▶ [Task objective]
Start to finish, write out the entries exactly, leaving the pictures aside.

▶ [Source data]
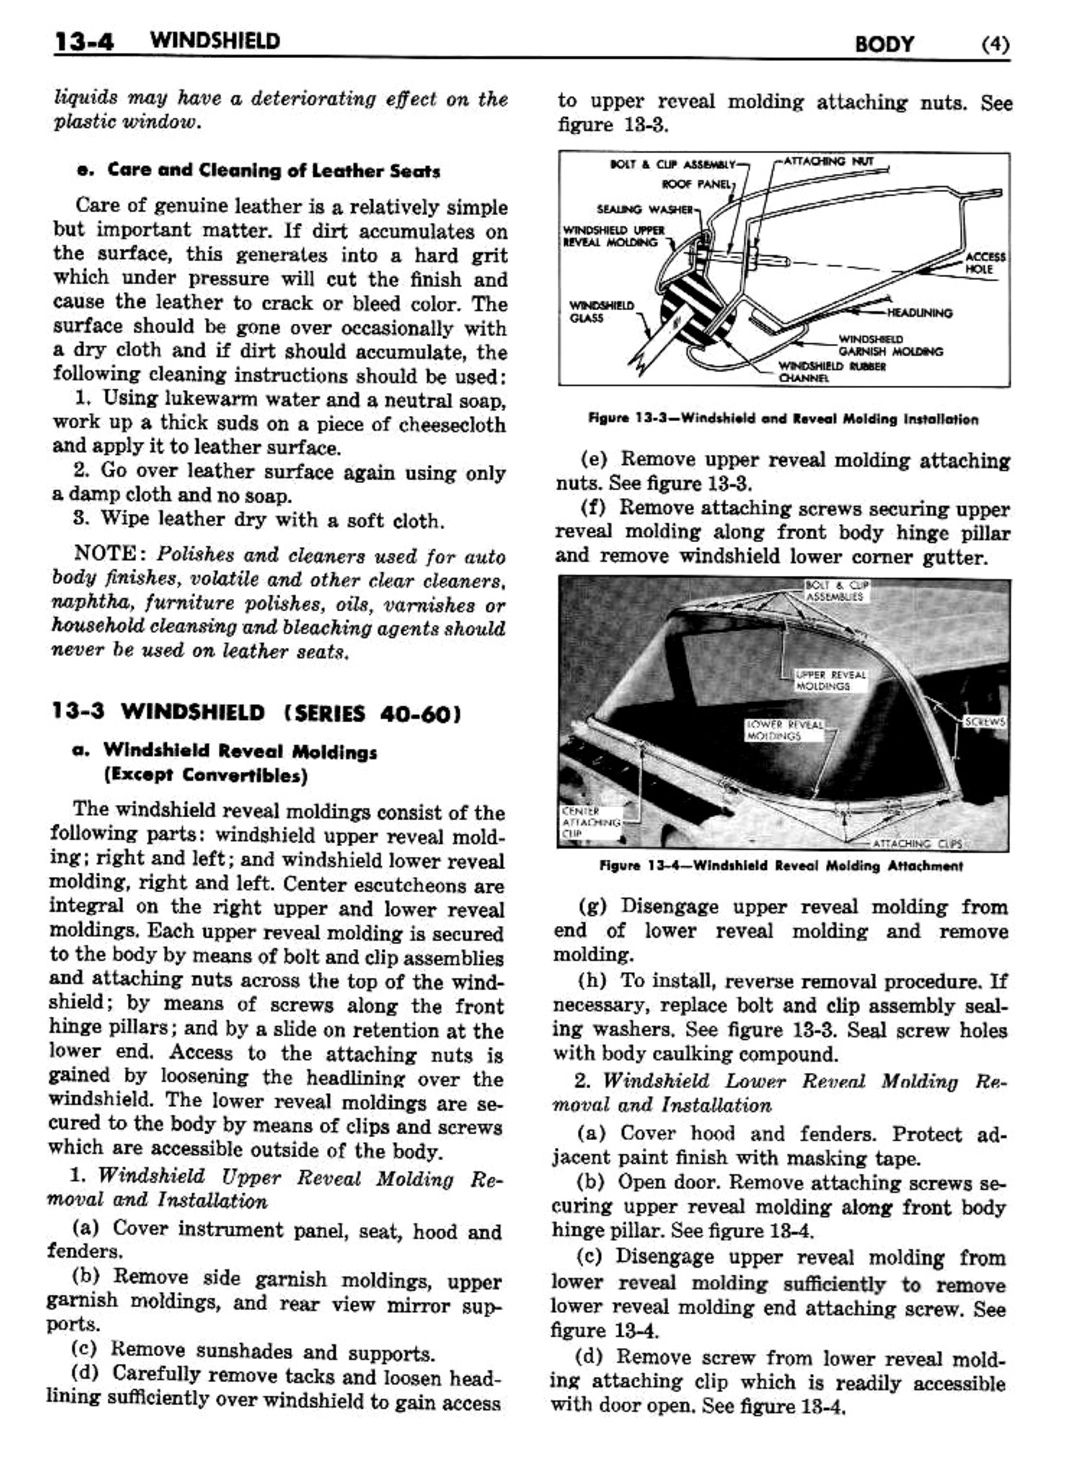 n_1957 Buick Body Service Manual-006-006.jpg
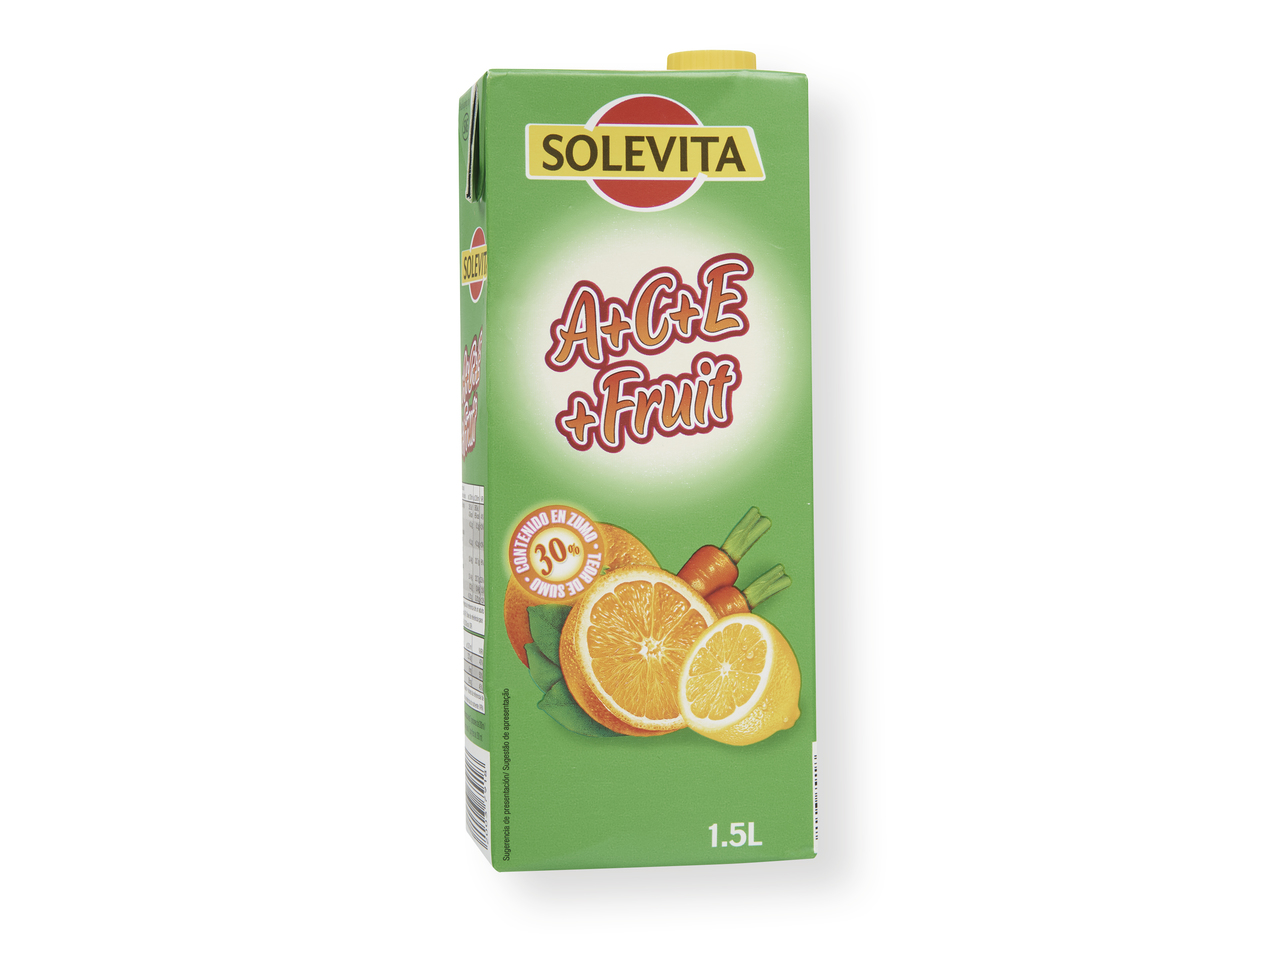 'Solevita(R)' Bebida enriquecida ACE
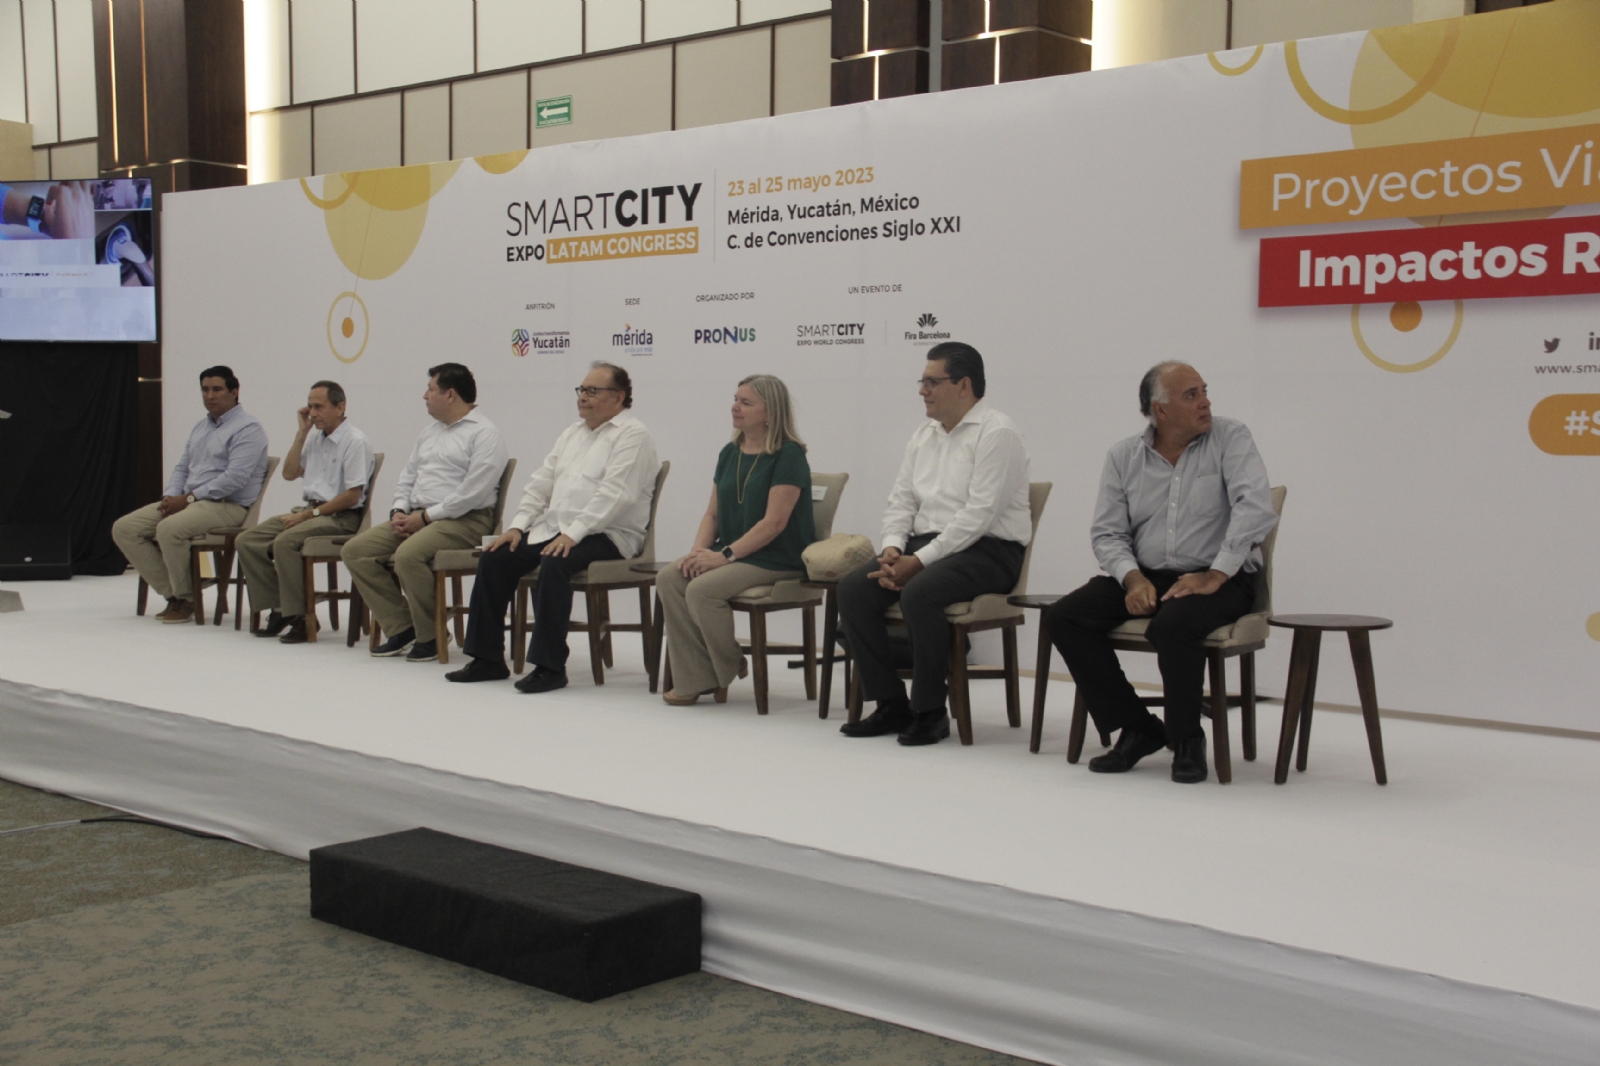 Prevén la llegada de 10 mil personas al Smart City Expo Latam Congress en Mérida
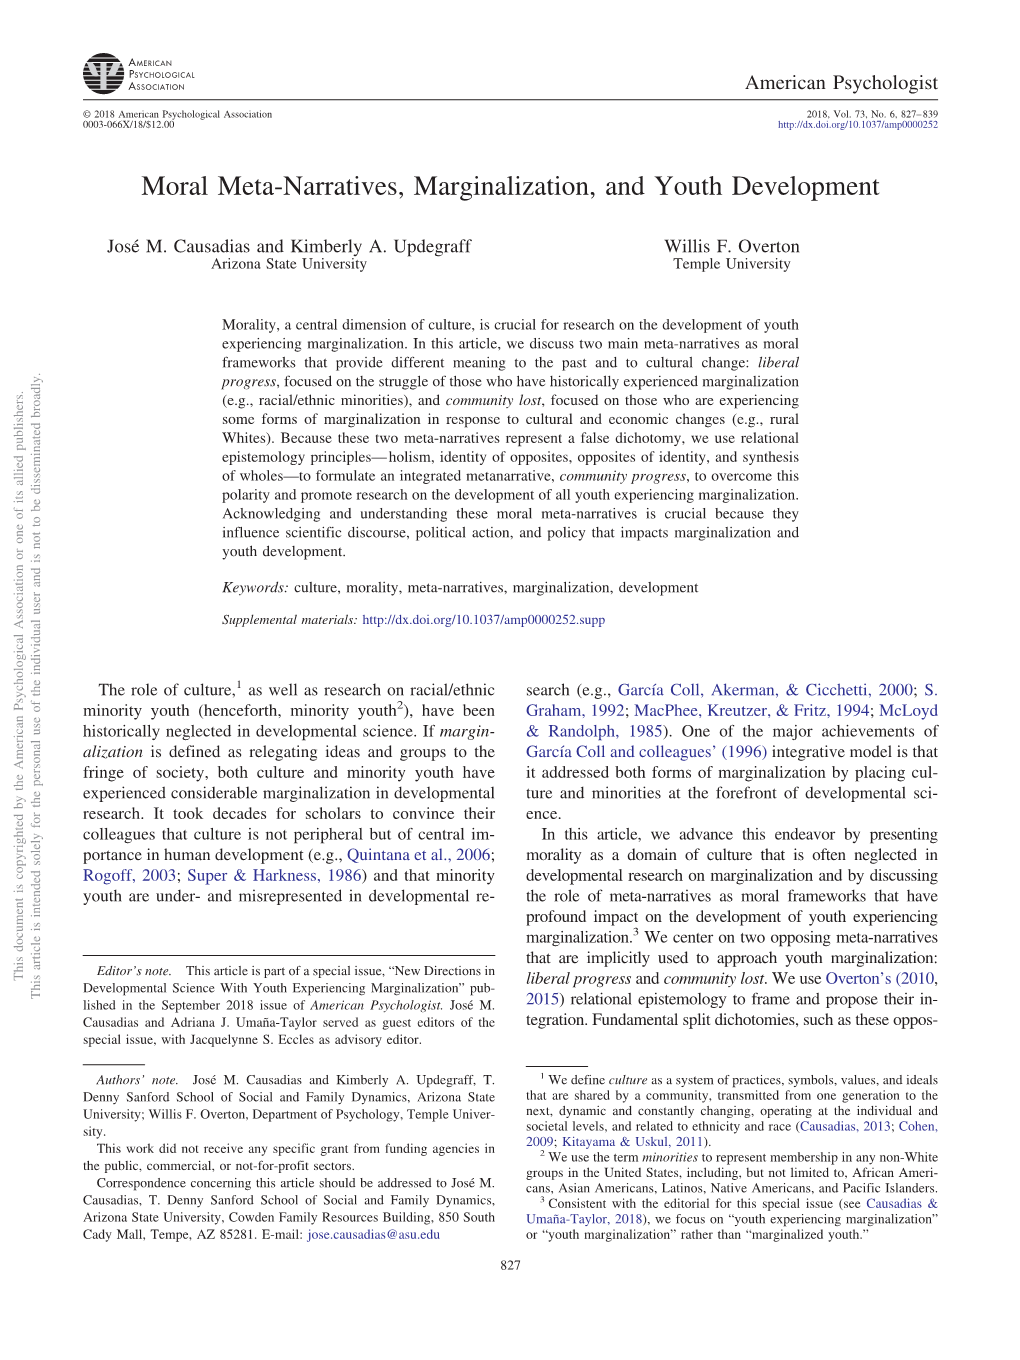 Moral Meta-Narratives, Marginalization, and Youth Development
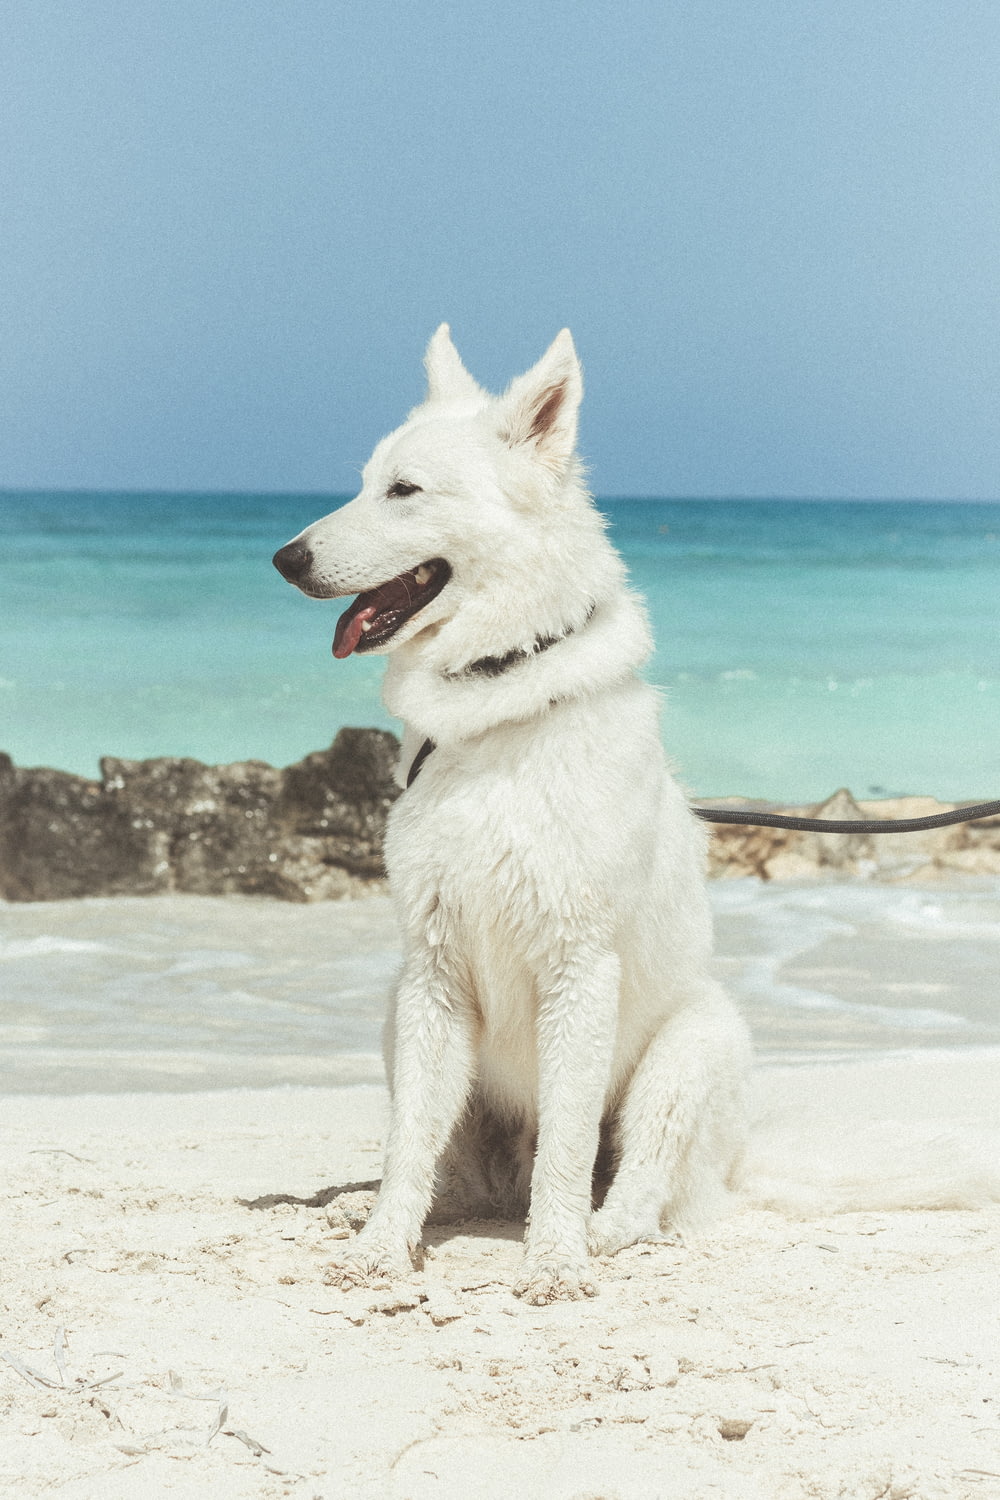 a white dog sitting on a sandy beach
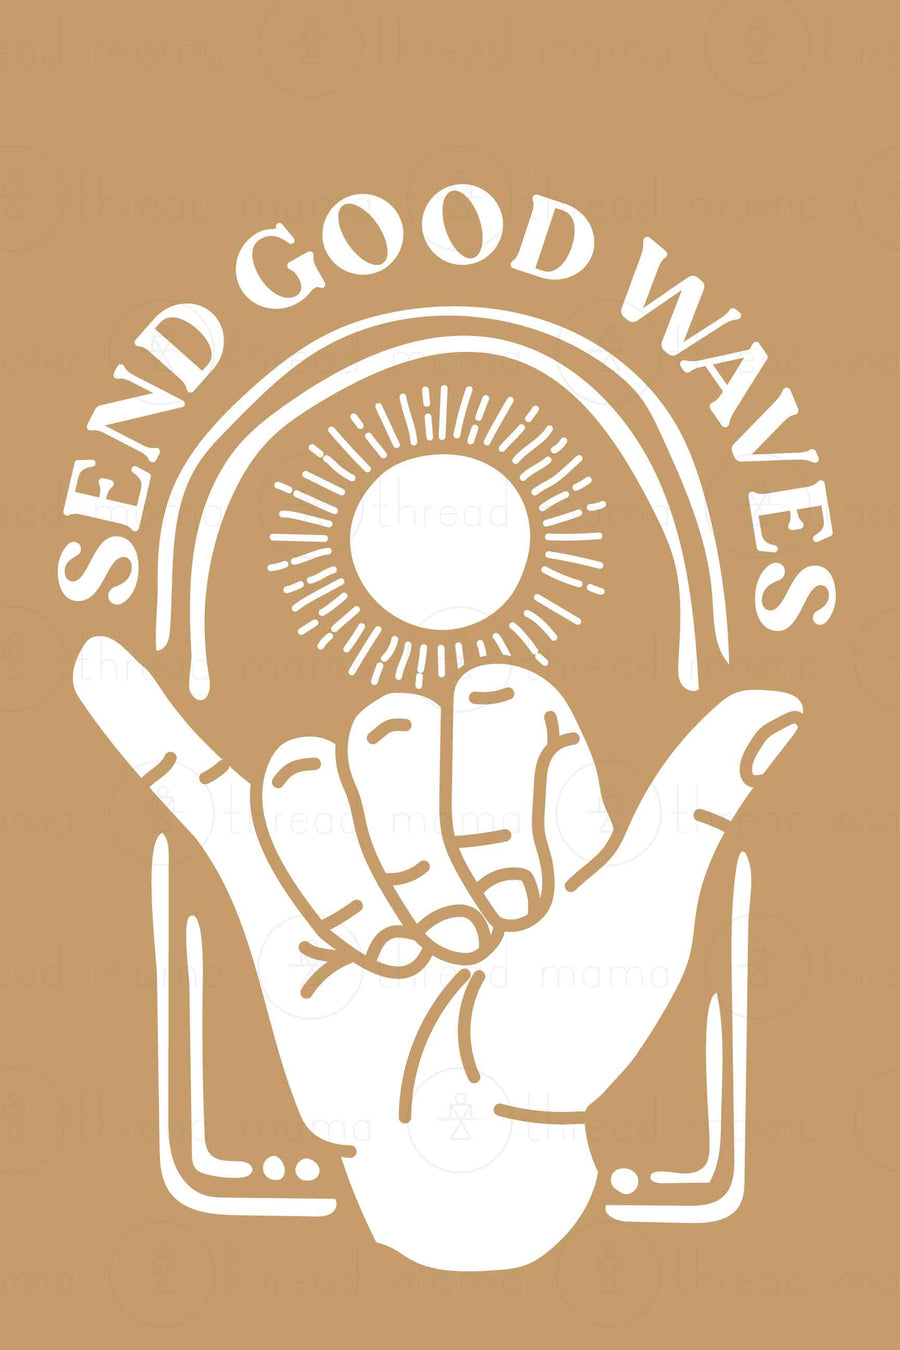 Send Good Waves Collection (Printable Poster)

▶ [Exercise answer]
 n_1957 Buick Body Service Manual-006-006.jpg
 'Solevita(R)' Bebida enriquecida ACE
 Prevén la llegada de 10 mil personas al Smart City Expo Latam Congress en Mérida
 Moral Meta-Narratives, Marginalization, and Youth Development
 a white dog sitting on a sandy beach
 Send Good Waves Collection (Printable Poster)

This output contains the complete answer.